International Army Games
- Emblem of the games
- First event: 2015
- Occur every: 2 years
- Last event: 2022
- Headquarters: Moscow
- Organizer: Russian MoD

= International Army Games =

Russian organized international military event

The International Army Games (Армейские международные) is an annual international military sports event organized by the Ministry of Defence (MoD) of Russia. The event, which was first staged in August 2015, involved close to 30 countries taking part in dozens of competitions over two weeks to prove which is the most skilled. The games have been referred to as the War Olympics. In addition to the competition, the International Army Games includes a military theme park, a recruitment station, and souvenir shops.

== History ==

Participant countries of the 2019 International Army Games

- 2015 International Army Games: Took place in Russia from August 1–15.
- 2016 International Army Games: Took place from July 30 to August 13. 3,500 servicemen from 19 states fought in 23 competitions.
- 2017 International Army Games: Held from July 29 to August 12 in 5 countries: Russia, China, Azerbaijan, Belarus, and Kazakhstan. During the games 28 international competitions were held, including 5 new ones.
- 2018 International Army Games: Held from July 28 to August 11. The competitions were held in Armenia and Iran for the first time. Teams from Algeria, Vietnam, Myanmar, Pakistan, the Sudan and the Philippines also took part in the games for the first time.
- 2019 International Army Games: Planned to be organized in 32 disciplines hosted in 10 countries starting on August 3 in Korla. Russia, India, China, Azerbaijan, Armenia, Belarus, Iran, Mongolia, Uzbekistan and Kazakhstan are the countries hosting it. India hosted and won Stage 2 of the games, known as the 5th International Army Scout Masters Competition. Uzbekistan came second and Russia fourth.
- 2020 International Army Games: Held from August 22 to September 5. Russia won the competition while Belarus was second and Uzbekistan was third.
- 2021 International Army Games: Held from August 22 to September 4, 2021.
- 2023–2024: Not held due to shortages stemming from the Russian invasion of Ukraine.
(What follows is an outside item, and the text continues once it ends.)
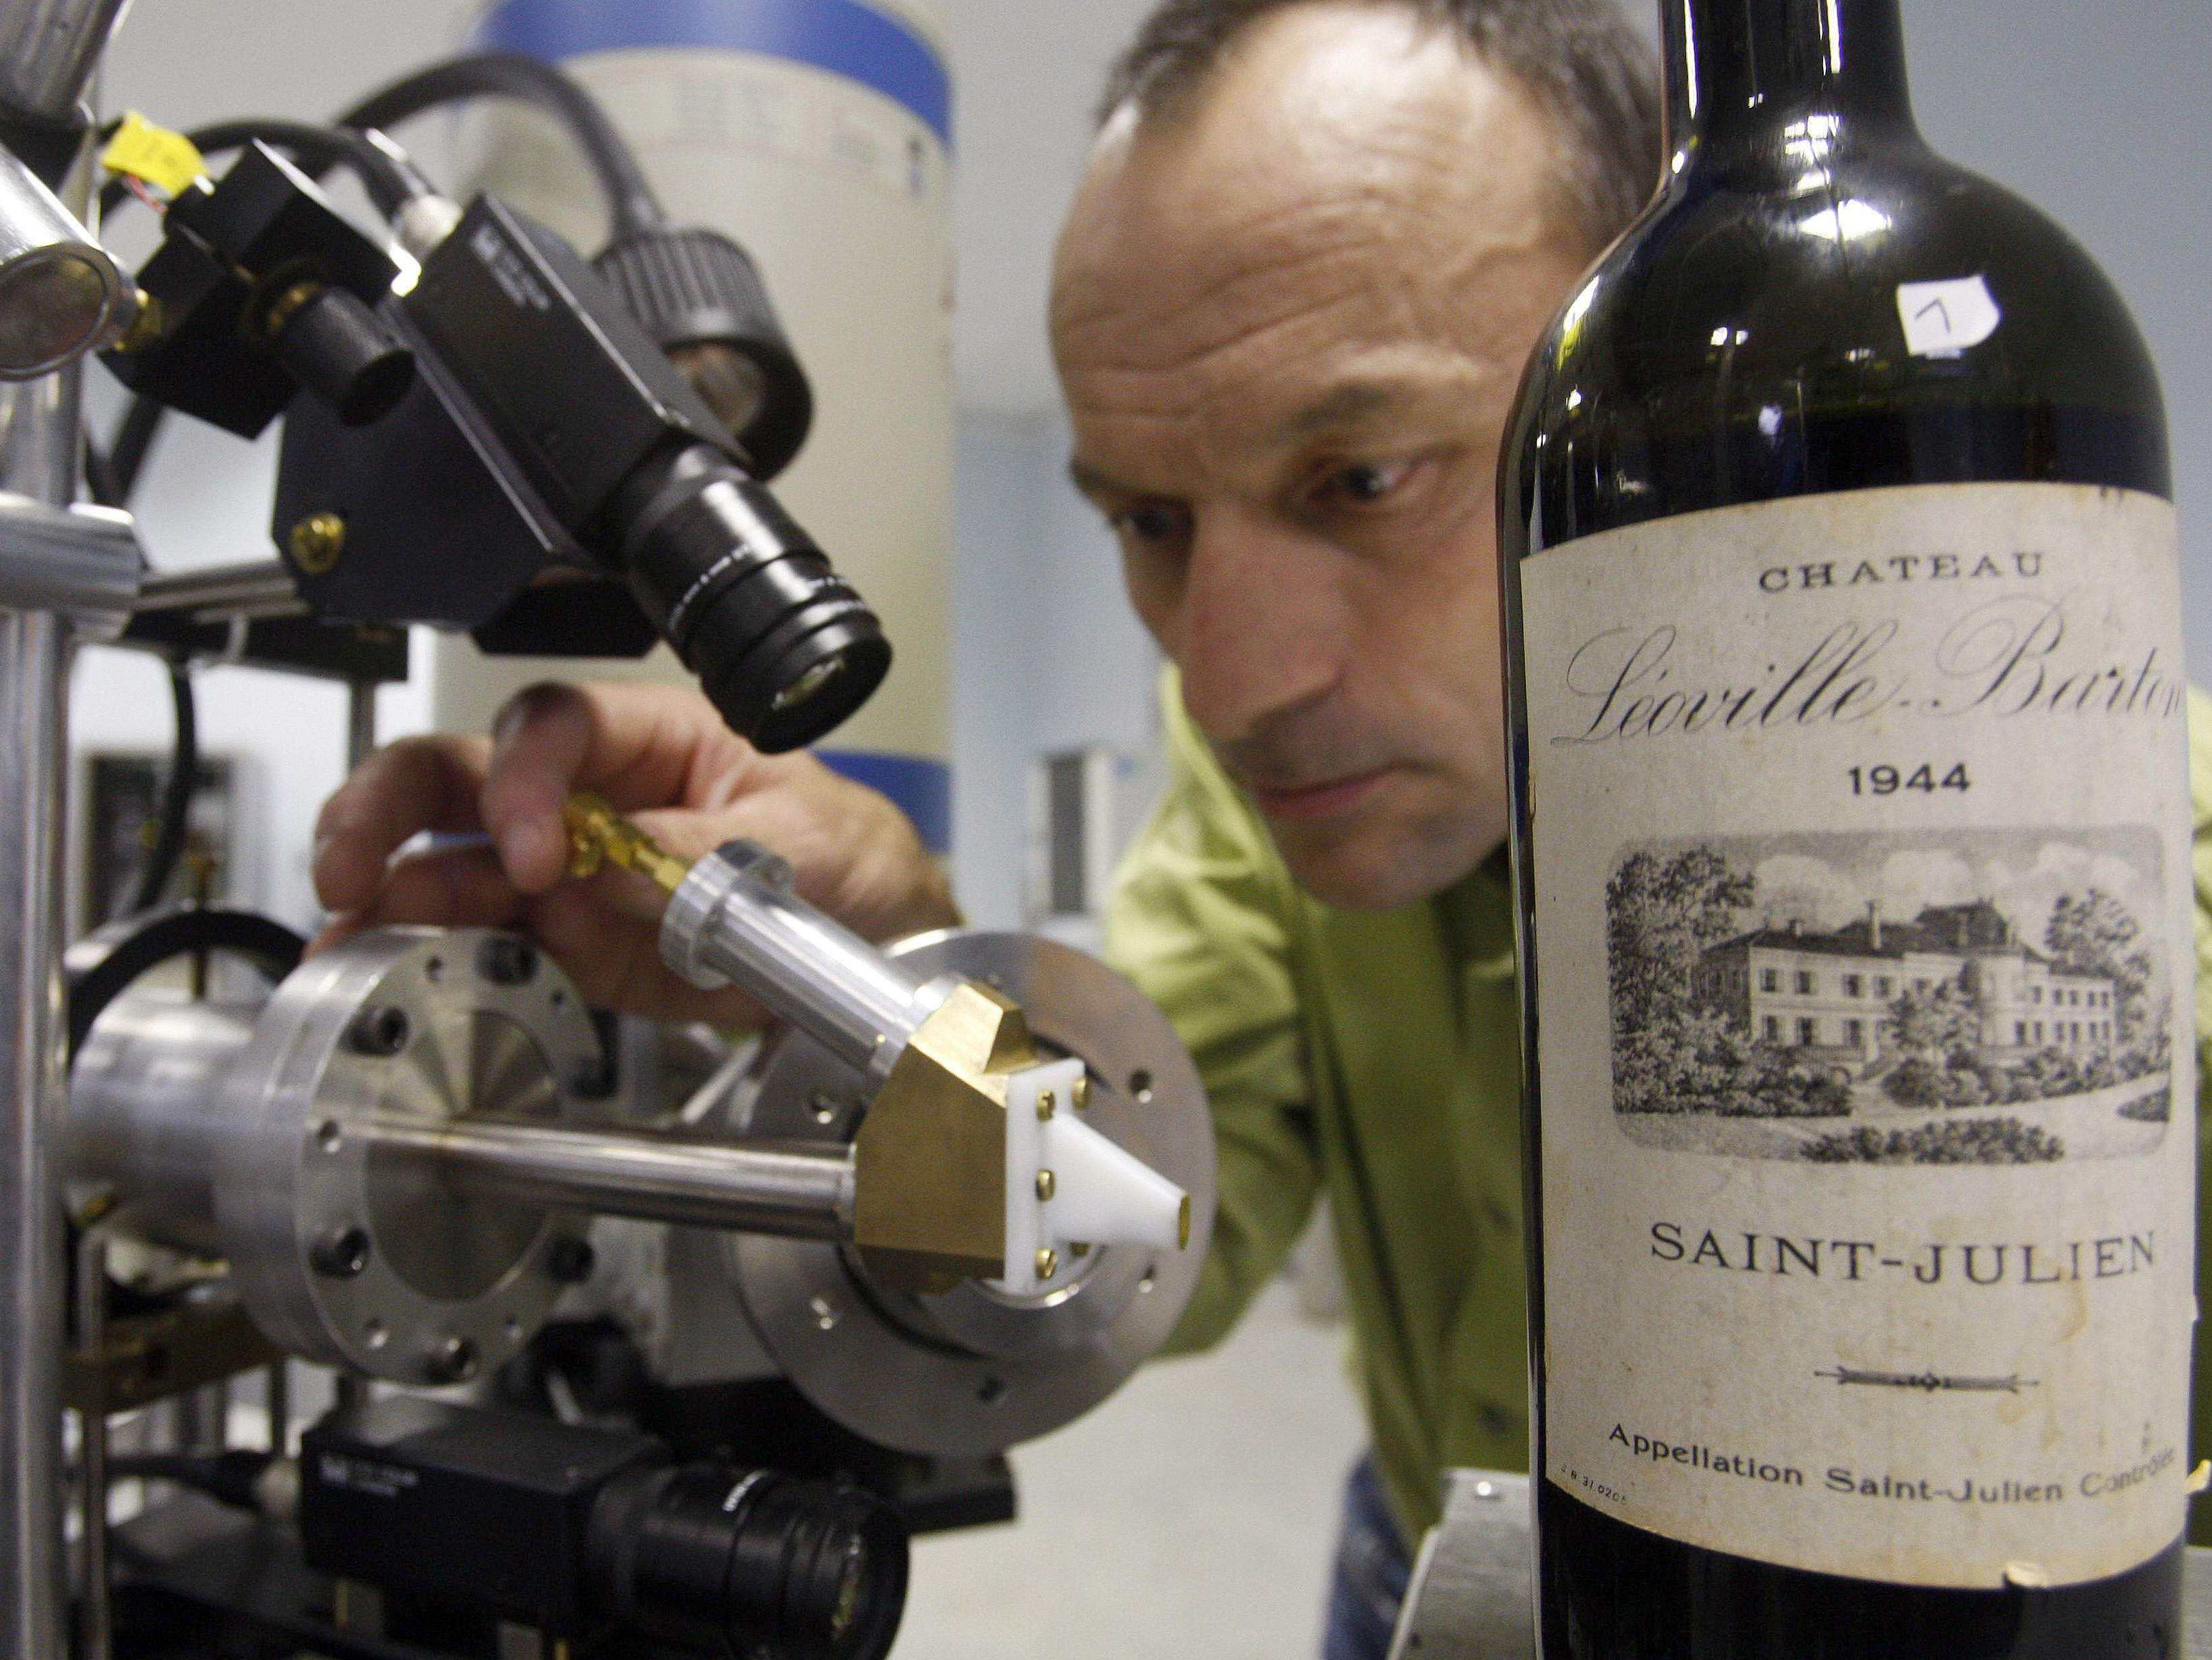 Herve Guegan of the Nuclear Research Centre of Bordeaux runs a test on a 1944 vintage bottle of Medoc wine. Photo: Regis Duvignau/Reuters /Landov

In 2023, Russian Deputy Minister of Defence Alexander Fomin stated the games would take place in even years.

== Editions==

| Year | Edition | Dates | Host country | Events | Champion |
|---|---|---|---|---|---|
| 2015 | 1 |  | Russia | 13 | Russia |
| 2016 | 2 |  | Russia | 23 | Russia |
| 2017 | 3 |  | Russia | 28 |  |
| 2018 | 4 |  | Russia | 28 | Russia |
| 2019 | 5 |  | Russia |  |  |
| 2020 | 6 |  | Russia | 30 | Russia |
| 2021 | 7 |  | Russia |  | Russia |
| 2022 | 8 |  | Russia | 34 |  |

== Competitions ==

- Tank biathlon
- Suvorov Attack ("Suvorov Onslaught"): competition between crews/specialists of infantry combat vehicles
- Aviadarts: competition for flight crews
- Masters of artillery fire: artillery calculation competition
- Clear skies: competition among anti-aircraft units
- Excellence troop intelligence: competition between intelligence departments
- Open water: competition among dispatching units
- Safe route: competition among engineering units
- Safe environment: radiation, chemical and biological defense forces' competition
- International Army Scout Masters' Competition

===2020 events===

Hosts:

1. Russia
2. Iran
3. India
4. Mongolia
5. Kazakhstan
6. Uzbekistan
7. Armenia
8. Azerbaijan
9. Belarus
10. China

- Events

11. Tank Biathlon = Tank Crews Competition
12. Suvorov Attack = IFV Crews Competition
13. Sniper Frontier = Snipers Competition
14. Aviadarts = Flight Crews Competition
15. Airborne Platoon = Airborne Forces Platoons Competition
16. Seaborne Assault = Naval Infantry Units Competition
17. Sea Cup = Combat Ship Crews Competition
18. Depth = Divers Multidiscipline Competition
19. Masters Of Artillery Fire = Mortar Battery Squads Competition
20. Gunsmith Master = Maintenance Platoons Competition
21. Clear Sky = Ad Units Competition
22. Confident Reception = Competition Of Anti-Aircraft Missile Troops Units
23. Army Scout Masters = Army Reconnaissance Units Competition
24. Open Water = Pontoon Bridge Crews Competition
25. Safe Route = Combat Engineering Units Competition
26. Engineering Formula = Engineering Units Competition
27. Safe Environment = NBC Reconnaissance Crews Competition
28. Masters Of Armored Vehicles = Armored Vehicles Crews Competition
29. Elbrus Ring = Mountain Infantry Units Competition
30. True Friend = Dog Handlers Competition
31. Military Medical Relay Race = Medical Staff Competition
32. Field Kitchen = Food Service Specialists Competition
33. Guardian Of Order = Military Police Competition
34. Military Rally = Armored Vehicles Crews Competition
35. Warrior Of Peace = International Competition Of Military-Professional Servicemen Skills
36. Falcon Hunting = Uavs' Crews Competition
37. Road Patrol = Military Police Officers Competition
38. Emergency Area = Competition Among Emergency Rescue Units
39. Equestrian Marathon = Competition Among Horse Mounted Units
40. Polar Star = Special Operation Units Competition

== Participants ==
Note: O = Observer

For the first time, Bolivia and Rwanda participated in the 2022 Games.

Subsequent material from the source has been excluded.